Task description →
In full and word for word, copy the records that follow.

Stored dataset items
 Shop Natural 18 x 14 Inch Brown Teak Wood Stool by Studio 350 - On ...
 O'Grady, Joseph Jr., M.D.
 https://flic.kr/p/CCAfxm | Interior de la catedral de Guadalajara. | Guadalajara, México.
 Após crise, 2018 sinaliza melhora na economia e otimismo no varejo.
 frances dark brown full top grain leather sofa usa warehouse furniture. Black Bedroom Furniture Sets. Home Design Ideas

Answer space →
 Shop Natural 18 x 14 Inch Brown Teak Wood Stool by Studio 350 - On ...
 O'Grady, Joseph Jr., M.D.
 https://flic.kr/p/CCAfxm | Interior de la catedral de Guadalajara. | Guadalajara, México.
 Após crise, 2018 sinaliza melhora na economia e otimismo no varejo.
 frances dark brown full top grain leather sofa usa warehouse furniture. Black Bedroom Furniture Sets. Home Design Ideas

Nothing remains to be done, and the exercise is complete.